Did They Really Think We Wouldn’t Fight to Keep the Internet Free?

May 17, 2010 05:59


Robert McChesney explaining their push for net neutrality: “At the moment, the battle over network neutrality is not to completely eliminate the telephone and cable companies. We are not at that point yet. But the ultimate goal is to get rid of the media capitalists in the phone and cable companies and to divest them from control.” And McChesney’s broader agenda? His ultimate endgame? Again, his own words: “In the end, there is no real answer but to remove brick by brick the capitalist system itself, rebuilding the entire society on socialist principles.”

By Phil Kerpen – FOXNews.com

The Obama administration and its friends at the Federal Communications Commission thought they could impose sweeping new Internet regulations without anybody other than far-left, Netroots activists like the fringe group Free Press noticing. They failed.

Americans for Prosperity and many free-market allies have blown the whistle and are now educating the vast majority of Americans — who are happy with the unregulated Internet as it is — about the threat posed by regulation.

AFP’s mission is to maximize economic freedom, make government smaller and less intrusive, and make America more prosperous. Free Press’s mission? Let’s start with its founder, Robert McChesney explaining their push for net neutrality:

“At the moment, the battle over network neutrality is not to completely eliminate the telephone and cable companies. We are not at that point yet. But the ultimate goal is to get rid of the media capitalists in the phone and cable companies and to divest them from control.”

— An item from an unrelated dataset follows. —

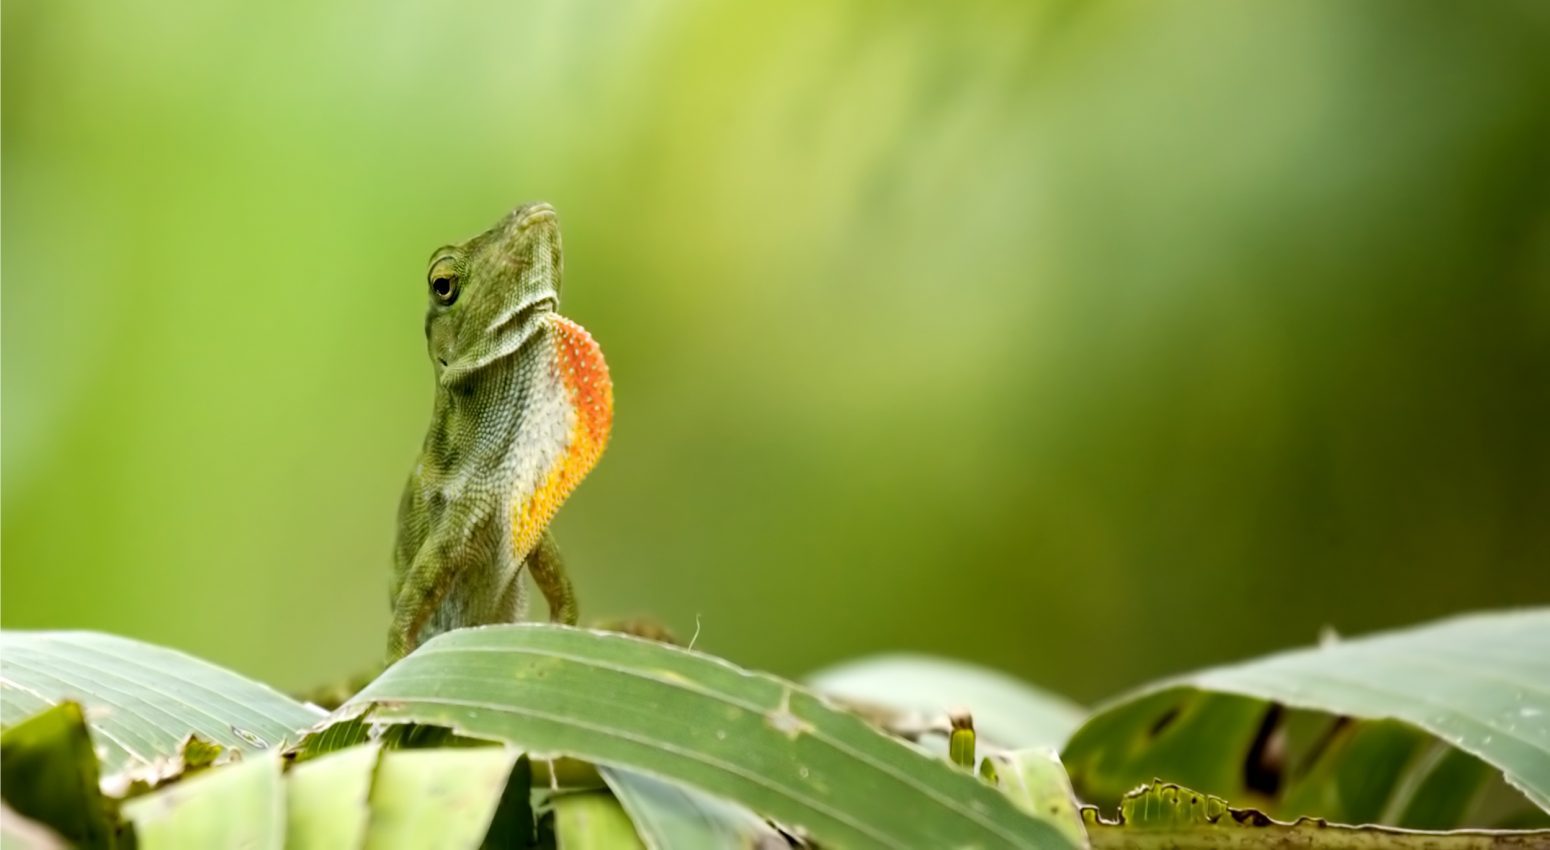 A lizard sitting on a branch with a green background

And McChesney’s broader agenda? His ultimate endgame? Again, his own words:

“In the end, there is no real answer but to remove brick by brick the capitalist system itself, rebuilding the entire society on socialist principles.”

Yet Free Press claims that their support for sweeping new federal regulation of the Internet is about encouraging investment and free market competition. Somehow, it rings hollow when Free Press puts out a statement saying:

“The Federal Communications Commission is simply pursuing a path that will ensure that the free market works for the American public, something that prior FCCs failed to do.”

So the Internet hasn’t been working for the American public? Really?

How can making the free market “work” mean having sweeping public-utility style regulation, a return to the “golden days” of dial-up Internet or even the old national Ma Bell monopoly? How can competition policy be such a serious error, when, in the words of Free Press ally Public Knowledge’s Communications Director Art Brodsky, the Internet “has been the greatest creator of wealth we have ever seen”?